I have a black 2001 Allroad 2.7T that I am parting out. I just got in a small accident in it and all the interior is in perfect condition. the doors are good the whole back end is good and the fenders are good. as long as its nothing on the front bumper everything else is good... ask for the part and pm me an offer and i will let you know if its available...  oh and the interior is black and grey leather...


----------



## KIKOLIO (Sep 22, 2006)

*...*

manual or auto? I wanna convert mine into a manual... I also need the side mirror control on the middle console


----------



## KIKOLIO (Sep 22, 2006)

dude!


----------



## sohnnydamuz (Jul 17, 2013)

its auto trans and the side mirror control has already been requested by someone else via pm sorry bro

Sent from my HTC One using Tapatalk 2


----------



## ncktuley94 (Jul 15, 2013)

Do you still have the light switch and the hazard triangle cover on the hatch?


----------



## sohnnydamuz (Jul 17, 2013)

yes i do whats your offer no low ball offers please... these are oem parts

Sent from my HTC One using Tapatalk 2


----------



## aalphashark (Jan 16, 2003)

*Hi, still have parts?*

Hi, still have parts?
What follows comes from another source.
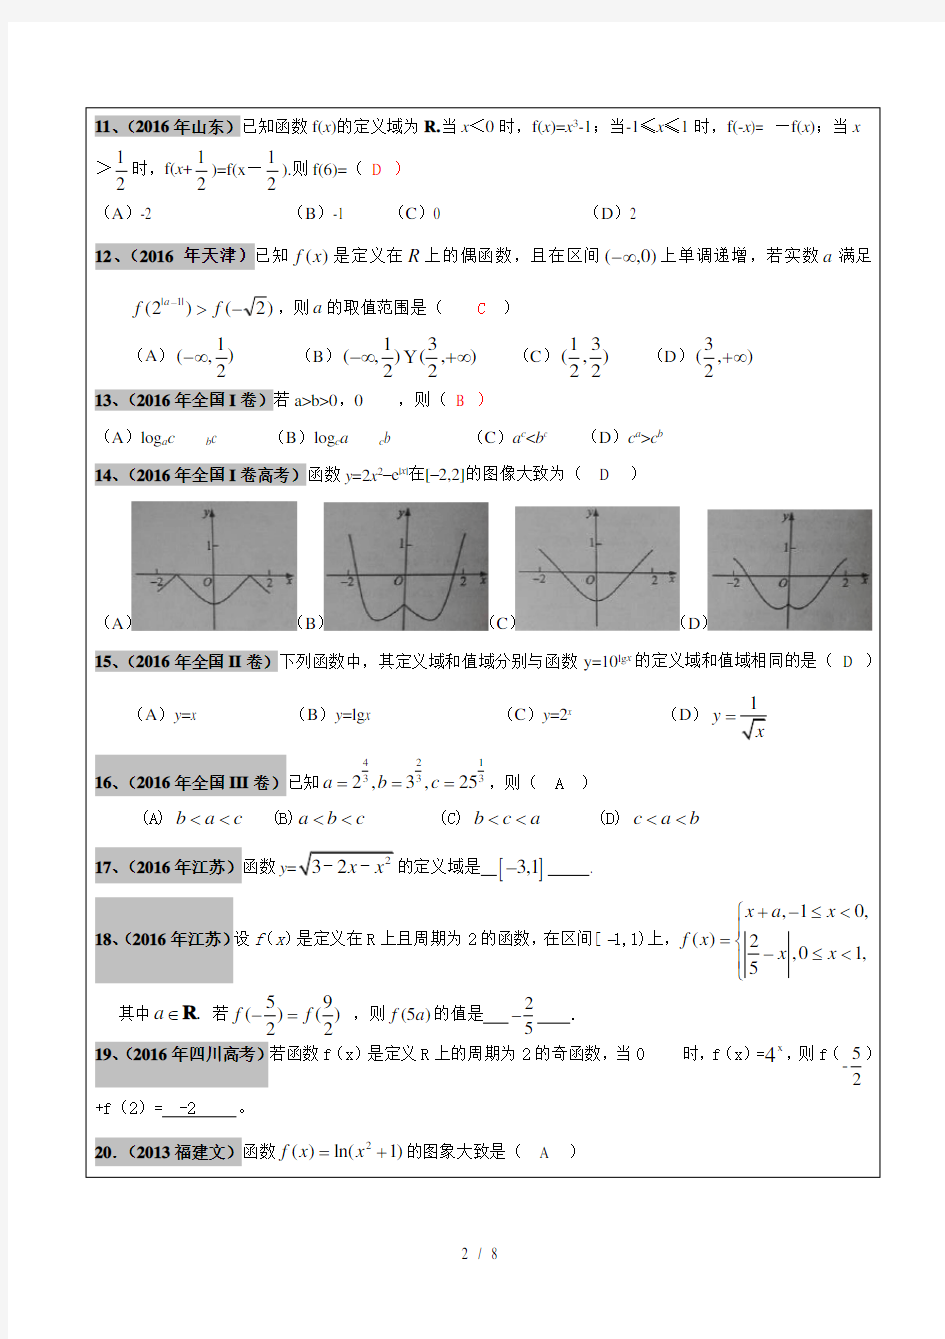 20122017年高考文科数学真题汇编基本初等函数老师版

I just bought an '01 and could use a few.


----------



## sohnnydamuz (Jul 17, 2013)

yupp

Sent from my HTC One using Tapatalk 2


----------



## aalphashark (Jan 16, 2003)

Well, for starters I need a pull out cargo cover black?


----------



## sohnnydamuz (Jul 17, 2013)

pull outcargo cover they come with that? 

Sent from my HTC One using Tapatalk 2


----------



## sohnnydamuz (Jul 17, 2013)

i have the pull out screen for the back door but no pull out cargo cover... 

Sent from my HTC One using Tapatalk 2


----------



## sohnnydamuz (Jul 17, 2013)

guys i still have the wheels woth really good tires on them if youre in the dallas area i will take $900 for all four with tires... rims alone used on wheel warehouse are $350 a piece 

Sent from my HTC One using Tapatalk 2


----------



## yellorado (Oct 8, 2001)

if the suspension was in good working condition when you got hit, i need the compressor and valve block from underneath the car... and the driver front wheel height sensor.

thanks


----------



## sohnnydamuz (Jul 17, 2013)

yeah car was converted to a6 shocks all the module in the back is the only thing that works right... 

Sent from my HTC One using Tapatalk 2


----------



## nathan66669 (Oct 10, 2013)

*still have car?*

I just bought my 2002 allroad litteraly yesterday. I need an owners manual haha. Also, mine has a menu button and control knob right below the window switch in the center console. They seem impossible to find anywhere. Also looking for a new headlamp control since this one all the black is worn off it.


----------



## SGLoki (Dec 12, 2004)

How much for one of the pre cat o2 sensors and the secondary air pump?


----------



## npace (Sep 3, 2012)

Fenders still for sale? Really, I want the plastic peices so I can modify them to make my own "OEM plus" widebody and get some fat wheels and tires. If so, lmk how much, thanks.


----------



## sohnnydamuz (Jul 17, 2013)

it has been sold... the whole car

Sent from my HTC One using Tapatalk


----------